Look for the line with "Đồng phục múa lân longnghevietnam"; please transcribe it and every later line in the entries exactly, up to the end, leaving pictures out.

> _Records contained in a dataset_
----

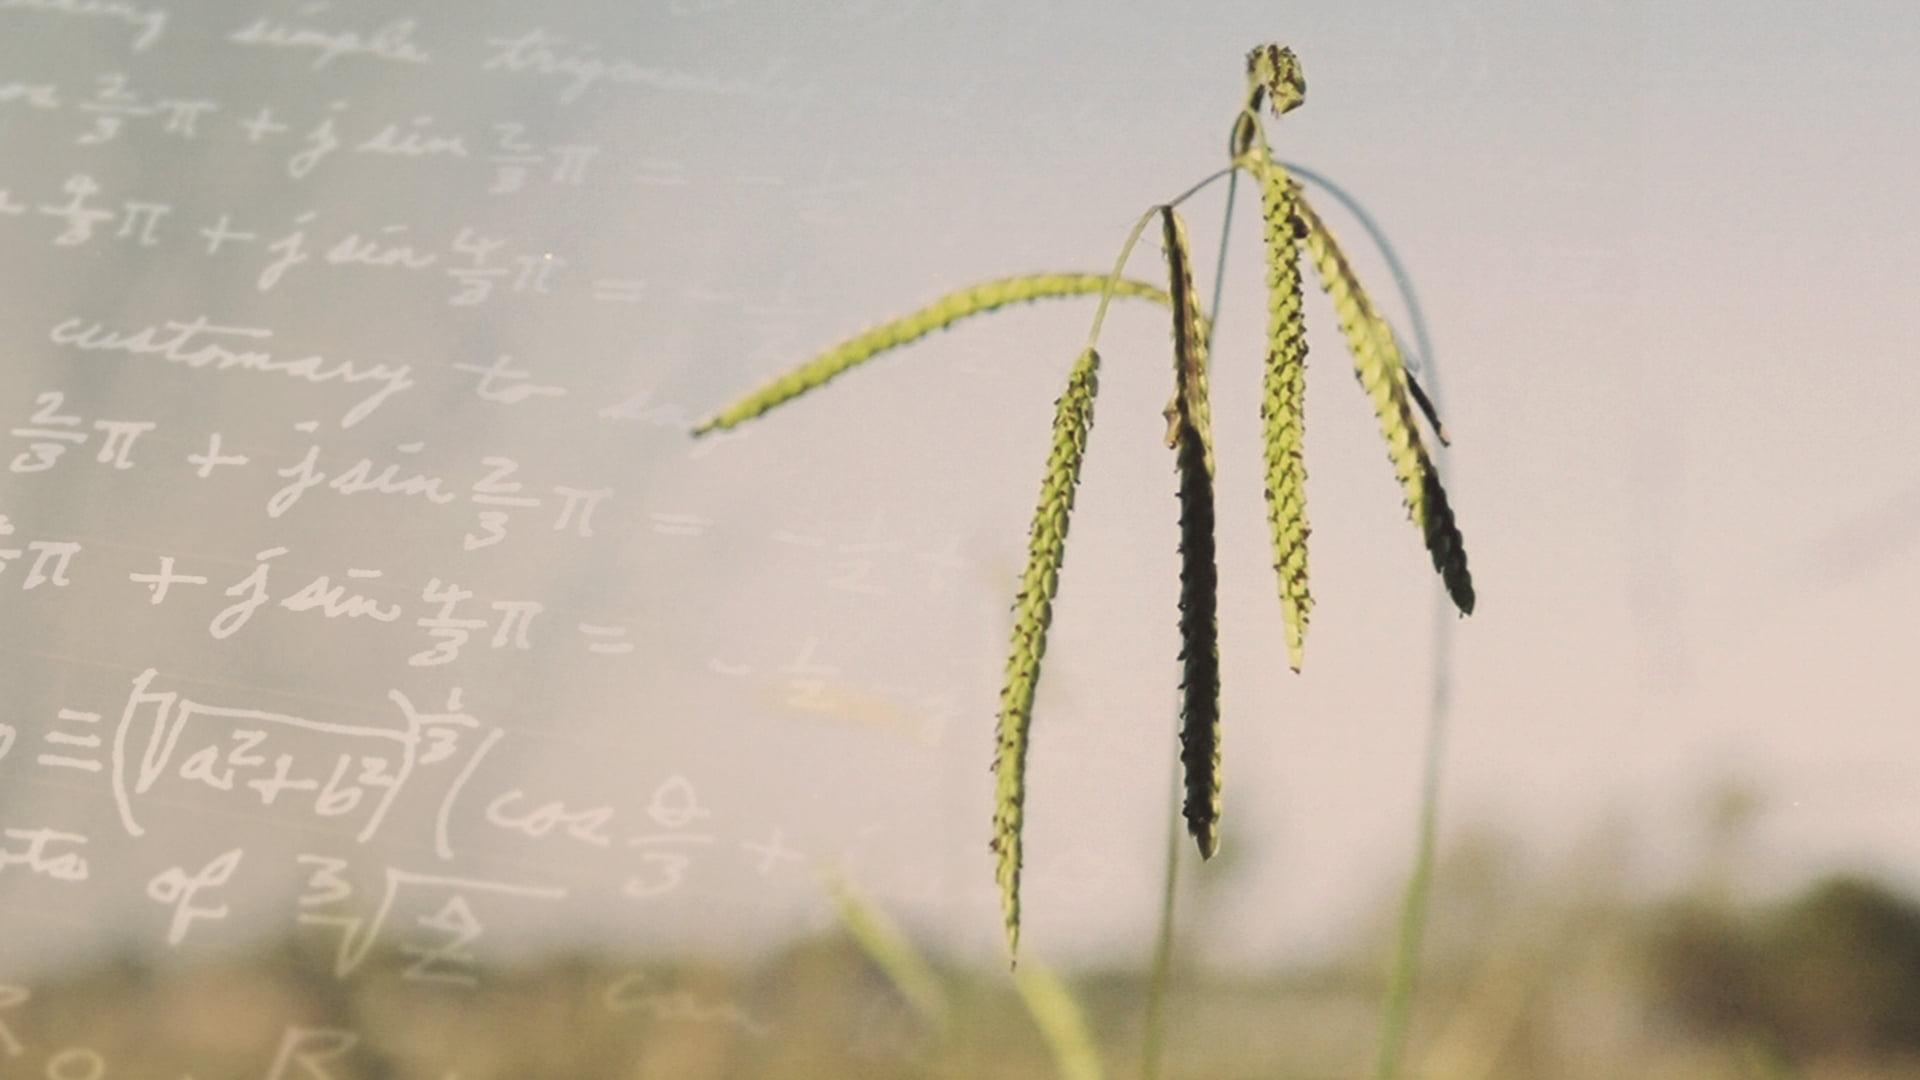 Les formules simples sont-elles un gage d'
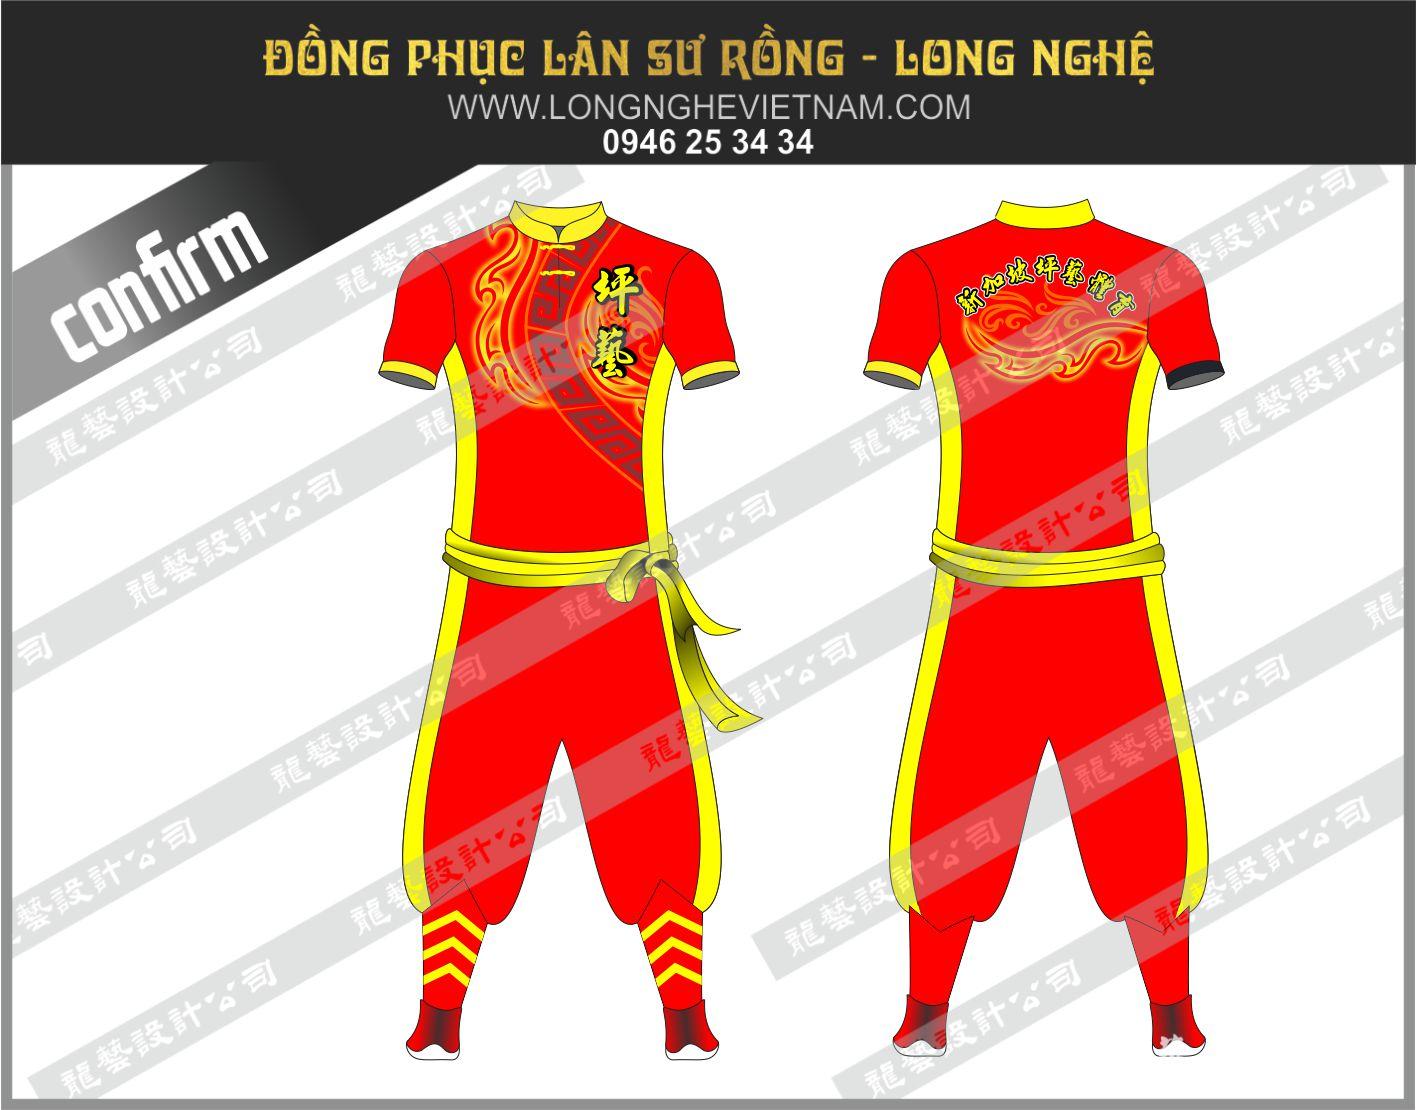 Đồng phục múa lân longnghevietnam
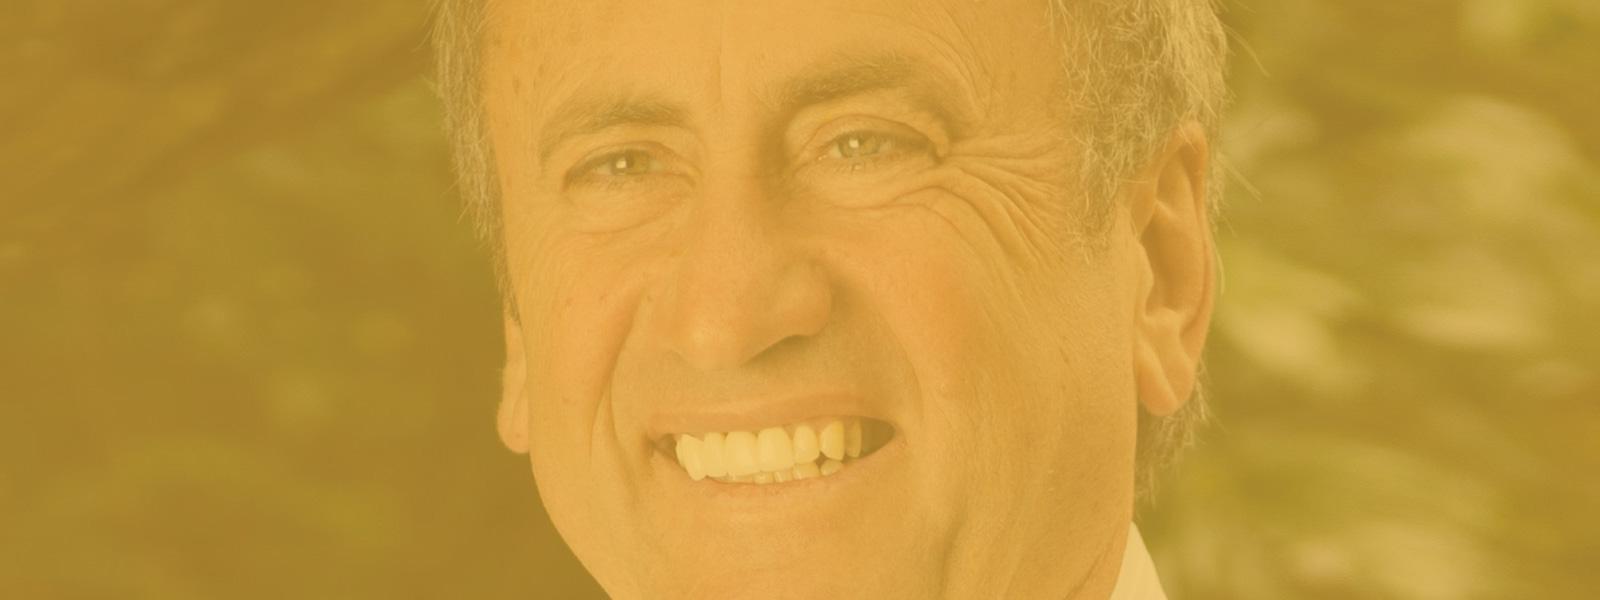 El caso de Meir Schneider
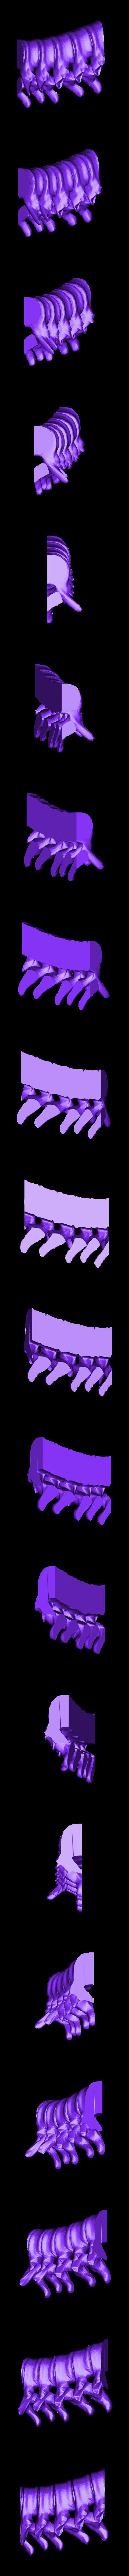 spine_middle_left.stl Télécharger fichier STL gratuit Bougeoir pour la colonne vertébrale • Modèle pour impression 3D, billythemighty3Dprinter
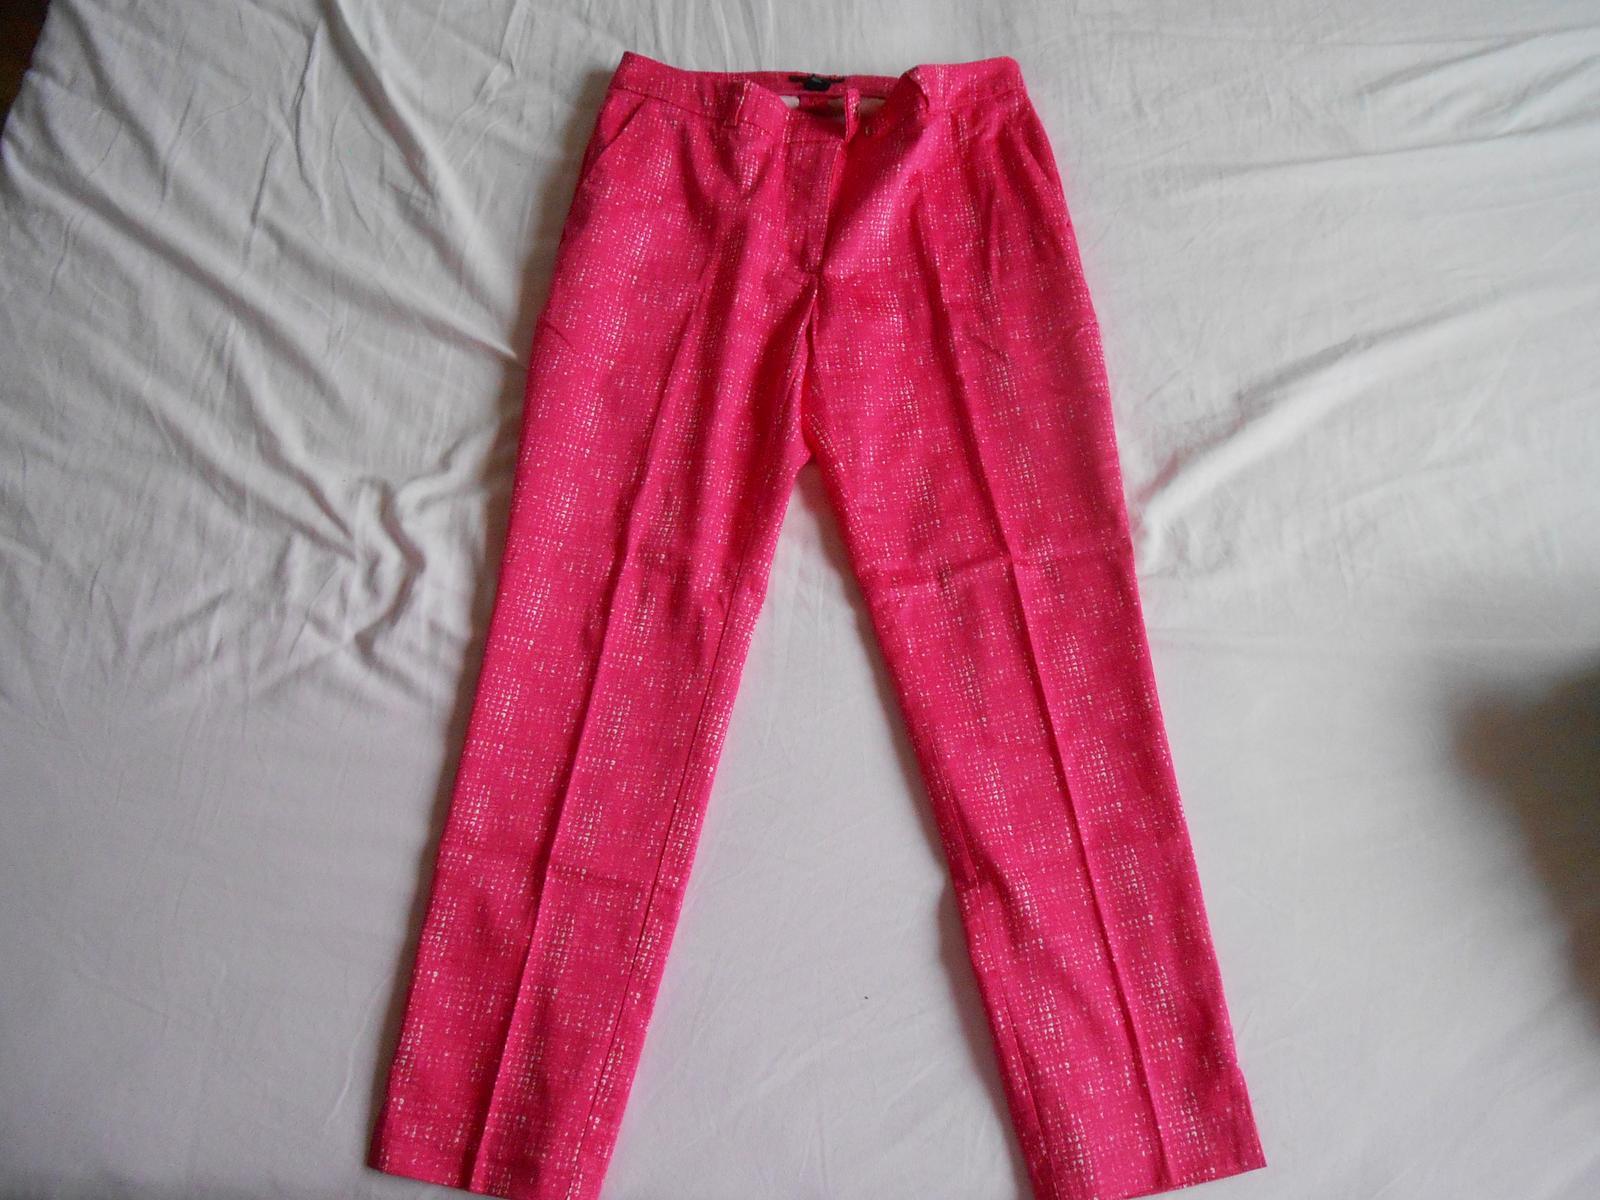 Ružové 7/8-nové striekané nohavice zn. H&M - Obrázok č. 1

----

> _Response for this exercise_
 Đồng phục múa lân longnghevietnam
 El caso de Meir Schneider
 spine_middle_left.stl Télécharger fichier STL gratuit Bougeoir pour la colonne vertébrale • Modèle pour impression 3D, billythemighty3Dprinter
 Ružové 7/8-nové striekané nohavice zn. H&M - Obrázok č. 1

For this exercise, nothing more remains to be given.